1. DNR “is the usual acronym for a physician’s directive that cardiopulmonary resuscitation not be used in the event of a cardiac or respiratory event.” Constante “DNR in the School Setting: Determining Policy and Procedures” in Legal Issues in School Health Services (eds Schwab & Gelfman) (2001) 417. DNR orders are sometimes, perhaps more accurately, referred to as Do Not Attempt Resuscitation (DNAR) orders, but DNR will be used in this paper since it is more widely recognised. See Hazinski et al “AHA Scientific Statement, Response to Cardiac Arrest and Selected Life-Threatening Medical Emergencies” 2004 Circulation 278 280.

2. See DK v Cabinet for Health and Family Services 221 SW 3d 382 (holding that, while the Cabinet was authorised to act as a child’s health decision maker where temporary custody had been granted to social services for the neglected and abused child, a DNR Order was not appropriate where the parents’ rights had not been terminated).

3. See Belcher v Charleston Area Medical Center 422 SE 2d 827 (holding that 17-year-old with muscular dystrophy who suffered breathing failure and for whom a physician had issued a DNR Order, at direction of his parents, to not reintubate or resuscitate their son and who died following a cardiac failure where no resuscitation or intubation occurred, the parents were entitled to go to trial on wrongful death and medical malpractice claims as to whether their son was a “mature minor” whose opinion should have been sought prior to issuance of the DNR Order).

4. See Pohlman & Schwab “Managing Risks in Professional and Clinical Performance Dilemmas: Part I” 2000 J of School Nursing 46 (commenting that a school district policy may “dictate a nursing action (or omission of an action) that appears to conflict with legal or ethical standards of practice or, more specifically, may bring harm to a student.”).

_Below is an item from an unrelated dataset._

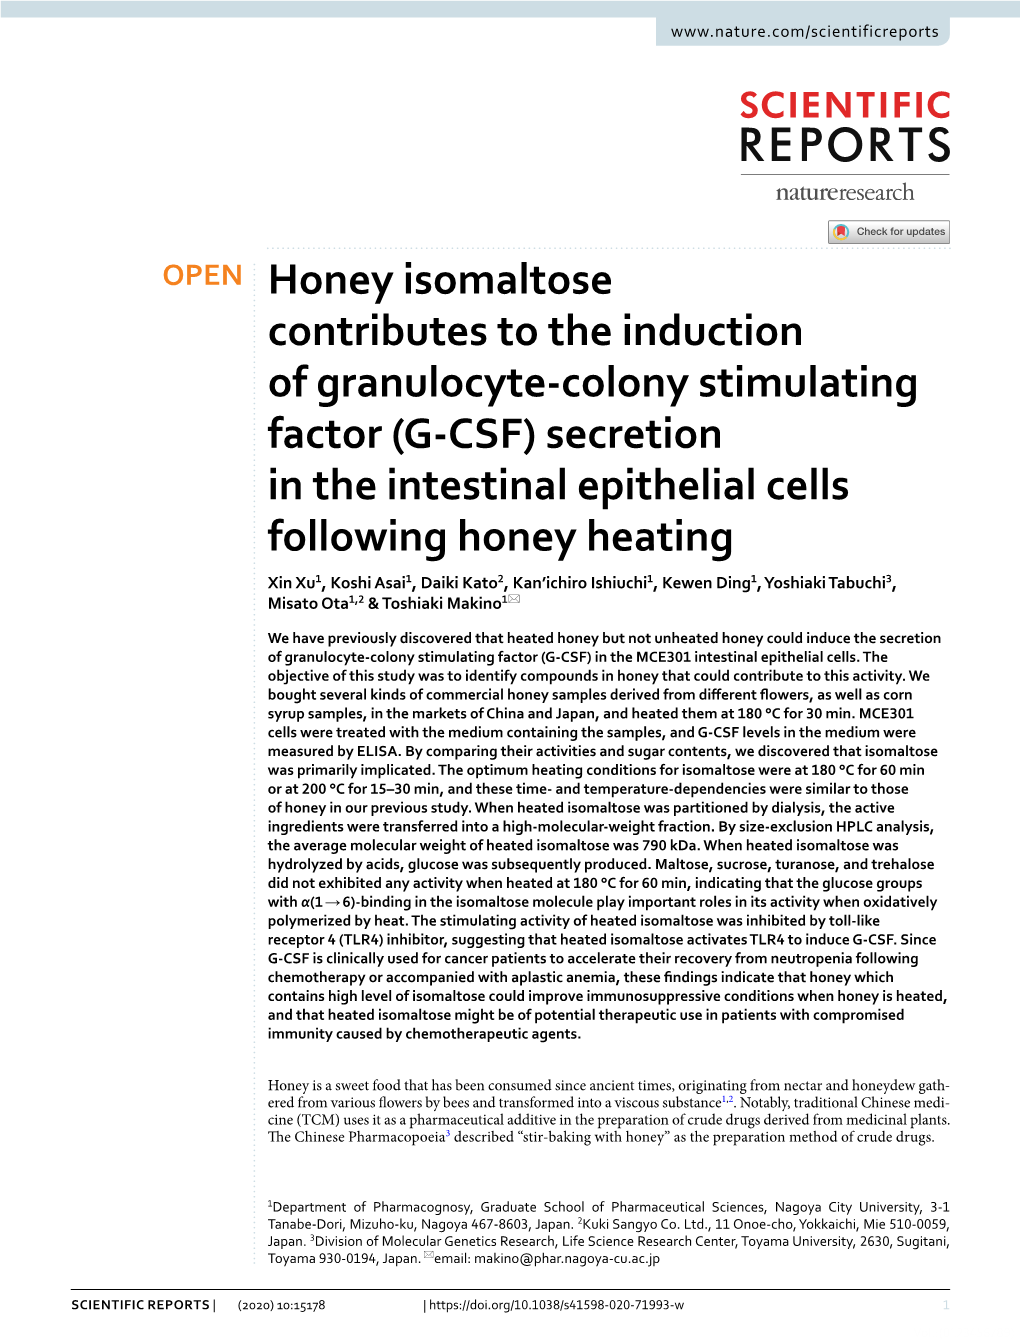 Honey Isomaltose Contributes to the Induction of Granulocyte-Colony

5. See JN v Superior Ct 67 Cal Rptr 3d 384 (court refused to issue a DNR order for 11-month-old child with severe head trauma even though supported by child’s attorney and hospital bioethics consultation team where child had not been adjudged dependent; however, the court held that hospital doctors could remove intubation tube for breathing where a petition for dependency had been filed and the court in approving the order to remove the tube had balanced the interests of the child with those of the parents who opposed both removal of the intubation tube and the issuance of a DNR order ).

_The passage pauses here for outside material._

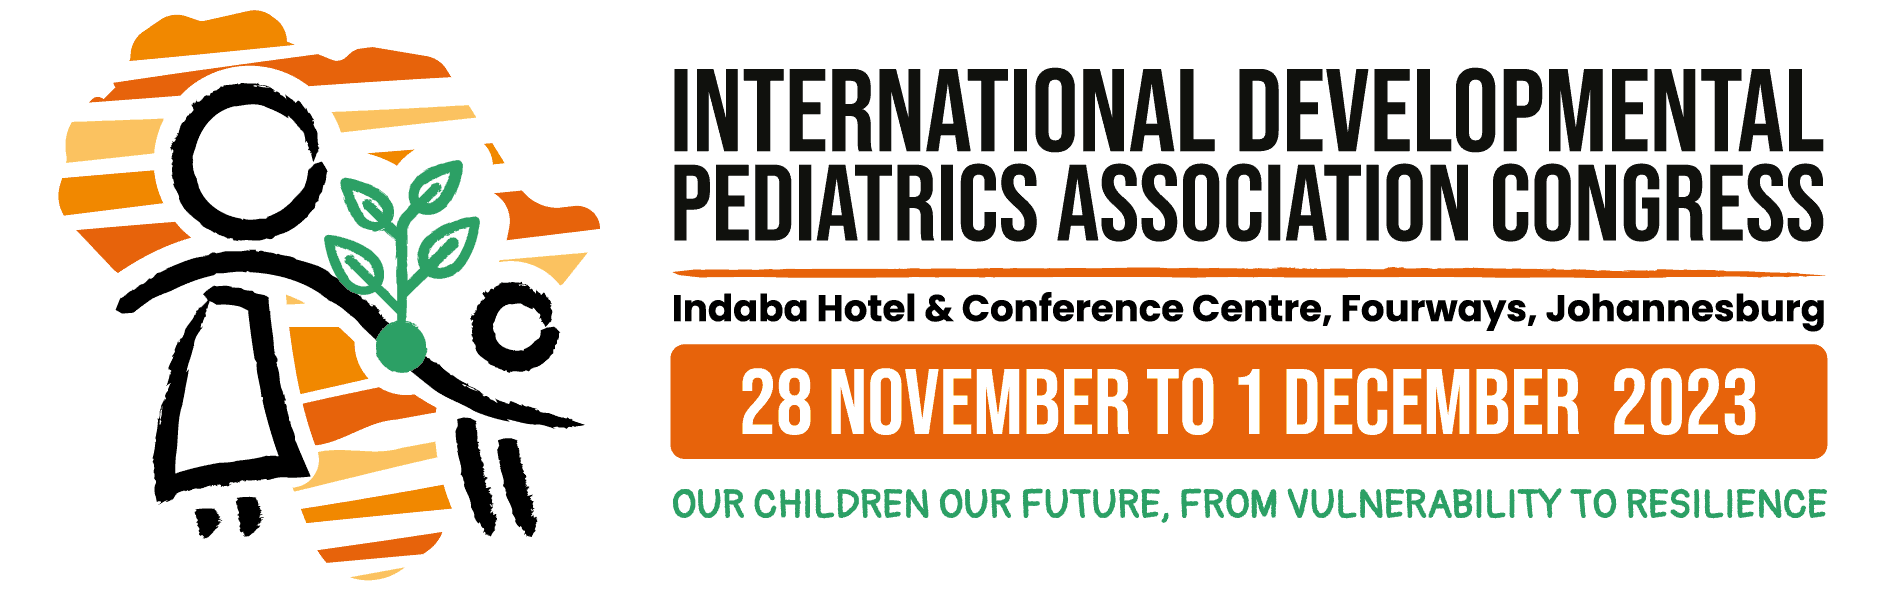 International Developmental Pediatrics Association

6. See eg AHA Scientific Statement 284 where the recommendations for risk reduction focus on safe equipment, instruction, and supervision, factors that are important in assessing tort liability for students in general, with limited attention to the role of parent input as to the disabling conditions of students with allergies or asthma that qualify them as students with disabilities.

7. See Hammond v Board of Education of Carroll County 639 A 2d 223 (finding no negligence liability as a result of internal injuries to female student who had sued successfully to participate on football team where the combination of her knowledge of the sport and the safety instructions of the coach were sufficient to amount to assumption of risk).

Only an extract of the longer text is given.